On Jan 12, 2013, at 1:14 AM, Adam Barth <abarth at webkit.org> wrote:

> On Sat, Jan 12, 2013 at 12:03 AM, Maciej Stachowiak <mjs at apple.com> wrote:
>> 
>> Do you think thread in the UI process vs. completely separate process is a topic worth discussing? It seems like the WebCore layer is unaffected by the difference, and in fact the impact of Chromium's choice is not even visible in the WebKit repository afaict.
> 
> I don't know.  As I wrote above, I haven't really thought through the
> consequences of that design choice.  My point was just that the design
> wasn't discussed with the community at all.

The NetworkProcess and its nature as a process have been mentioned before. At the time, no one expressed an opinion about the matter or pressed for an alternative, and it seems you have not (yet) done so either. If you have an interest in discussing it yourself, I at least would be happy to discuss it. If, for example, you would like to ask questions about it, advocate for a different design, argue that it's important for WK2 and Cr architectures to be consistent in this regard, present the Chromium team's reasons for choosing a thread, or anything else, then I would gladly engage in such discussion.

Indeed, if anyone has a substantive point to make, I'll concede the foul of insufficient prior discussion. If no one does, then it doesn't seem very valuable to debate the meta-point.


>> (One reason for our particular choice, FYI, is so that we can give the NetworkProcess a tighter sandbox profile than the Safari UI process).
> 
> I'm surprised that the Mac OS X sandboxing mechanisms are
> sophisticated enough to provide a meaningful sandbox for the
> NetworkProcess.  That's certainly not possible on other platforms
> (e.g., Windows).  The reference monitor we use in Chromium for network
> requests contains a great deal of web-specific details that are
> necessary to prevent, for example, an attacker from stealing
> confidential information (such as tax returns) stored in the user's
> file system.

I take your word for it that it's not possible on Windows.

I believe that the NetworkProcess can feasibly be denied the following privileges via Mac OS X sandboxing mechanisms, whereas none of these can feasibly be denied to the UI process:

- Access to the window server
- Access to the pasteboard server
- Access to arbitrary local files in the filesystem

I'm going to guess you are the most skeptical about whether the third can be done in a meaningful way. If you would like to get deep into the details of how it might be done, then I'd sincerely love to have your expert review, but it might be something that we should discuss outside this thread.

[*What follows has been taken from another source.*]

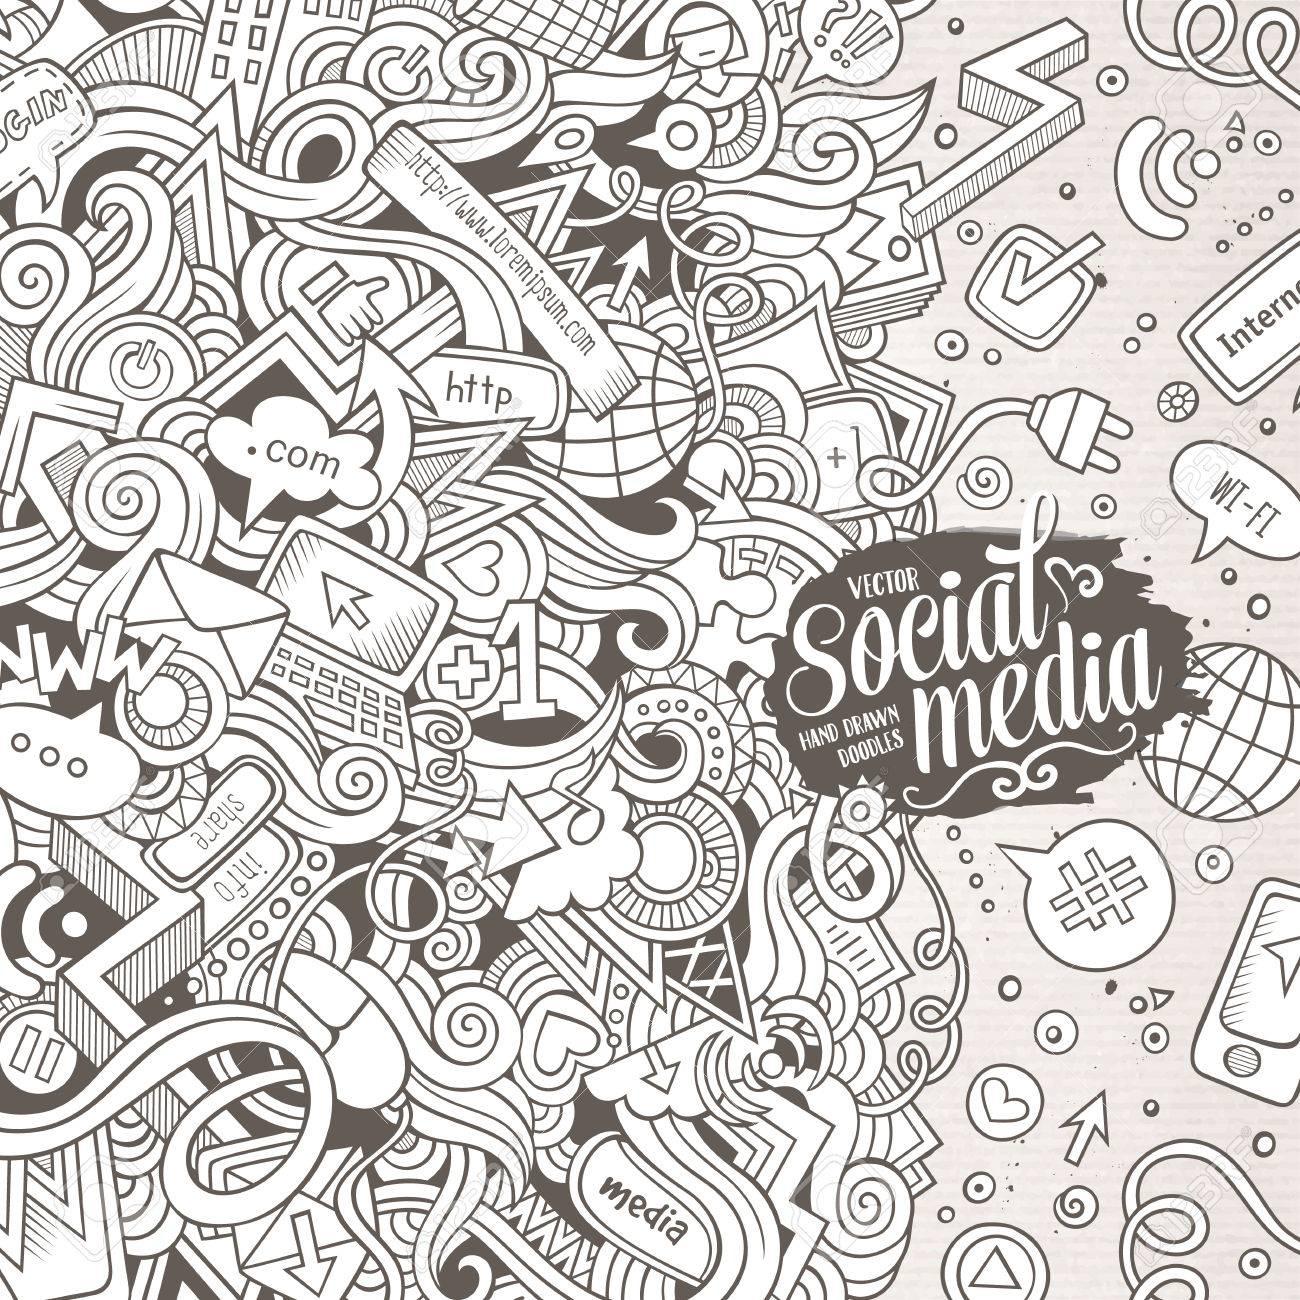 Dessin Anime Mignon Doodles Illustration Internet Dessines A La Main

However, to give you a quick overview: Mac OS X sandboxing mechanisms allow fine-grained control over the file access for a process. The sandbox profile's rules can allow or deny access to any section of the filesystem. There is also a way to dynamically grant temporary access to a given file or portion of the filesystem from a more privileged process. Deny rules can also take precedence over extensions. Thus, at minimum, it is straightforward to achieve the following:

(1) When the user has not explicitly opened any local files, the NetworkProcess can only access its assigned whitelist of files (including such things as cache and cookies directories, for instance).
(2) For the duration of the user having an explicitly chosen local document open, the NetworkProcess can be temporarily granted access to the whole filesystem excepting sensitive blacklisted areas.

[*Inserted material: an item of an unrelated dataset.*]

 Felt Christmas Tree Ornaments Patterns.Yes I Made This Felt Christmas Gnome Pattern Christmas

(2) is obviously suboptimal, since social engineering attacks could be used to trick a user into opening a local file, but it does prevent drive-by attacks. But it's possible to do better with more work. Let me throw out two rough strawman designs. Let's presume for both of these that local files are opened in separate WebProcesses from any remote webpages. There are at least two approaches to avoiding giving the NetworkProcess the run of the filesystem even temporarily. One is to grant the extension the local file WebProcesses, and have them load files directly rather than via proxy. Another is to have a FileAccessProcess or the like which only handles file: URLs but otherwise works like the NetworkProcess, and only WebProcesses serving a local file document would be given a handle to it. There might be other even more clever ways but I hope this suffices for an existence proof.

Again, we could dig more into the details, but I think that would merit a separate discussion (perhaps off of webkit-dev).

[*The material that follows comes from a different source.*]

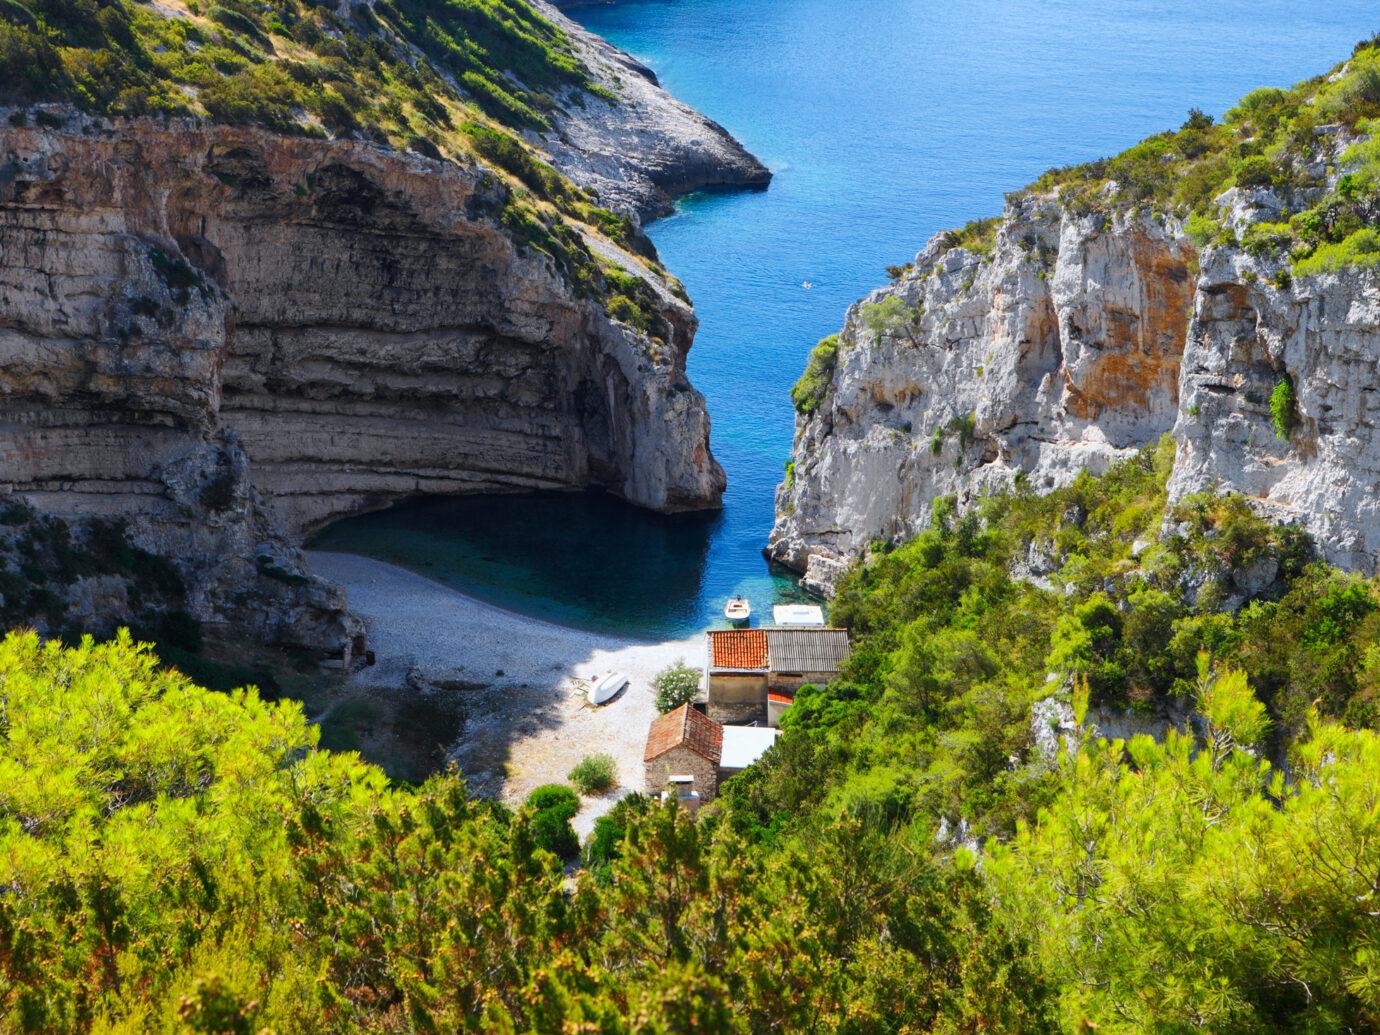 BEach on the Island of Vis, Croatia

For these reasons, I am reasonably confident that a separate process for networking can be made to have better security properties on Mac OS X (and platforms with similarly sophisticated sandboxing mechanisms) than a thread inside the UI process. And these better properties are intrinsically tied to being a process rather than a thread.

Against this, the one advantage I can think of to the thread approach is saving the memory and IPC costs associated with an extra process.


> 
>>> The main point I was trying to make in the document is that hooking in
>>> at the CachedResource layer has worse security properties than hooking
>>> in at the ResourceHandle layer.  I understand that Safari and Chromium
>>> have different goals when it comes to security, which I believe is the
>>> main reason you're even willing to consider hooking in at the
>>> CachedResource layer.
>>> 
>>> In particular, Chromium needs to be able to run in a strong sandbox on
>>> Windows XP.  Unlike Mac OS X, Windows XP does not have a particularly
>>> sensible sandboxing mechanism, mostly because the OS mechanisms that
>>> we use in Chromium were not intended to be used for sandboxing by the
>>> designers of XP.  As a consequence, any network requests that we fail
>>> to hook will simply fail (or more likely just crash).  For that
>>> reason, we need complete interposition, which means we need to hook
>>> into WebCore at a layer like ResourceHandle that has actually has
>>> complete interposition.
>>> 
>>> Moreover, we've enjoyed the security benefits of complete
>>> interposition for a while now and have raised our security goals,
>>> namely we're interested in achieving software fault isolation based
>>> API integrity.  As far as I can tell, the approach WebKit2 has taken
>>> to out-of-proces networking is not compatible with software fault
>>> isolation based API integrity.  Now, I understand if that sounds very
>>> futuristic to you given the current security posture of the apple-mac
>>> port, but if you're serious about working on a common design, you need
>>> to be willing to accept design goals and constraints beyond those that
>>> affect the apple-mac port.  As long as you minimize or ignore those
>>> constraints, it's unlikely that the folks who have those goals and
>>> constraints will be interested in adopting your designs.
>> 
>> I'm certainly not blowing off your use case. But I would like to understand how it impacts the design.
>> 
>> Can you explain why the WebKit2 approach to out-of-process networking is incompatible with software fault isolation based API integrity, whereas interposing at the ResourceHandle layer is? Is it (a) because some loads don't go through the CachedResource layer currently, (b) because there are some loads you think it is fundamentally impossible (or at least unduly challenging) to send through the CachedResource layer, or (c) some other reason?
> 
> Issue (a) is already a problem with the CachedResource approach with
> the sandbox we use today.  Network requests that don't get intercepted
> will not work on Windows because code running inside the sandbox we
> use on Windows cannot talk to the network.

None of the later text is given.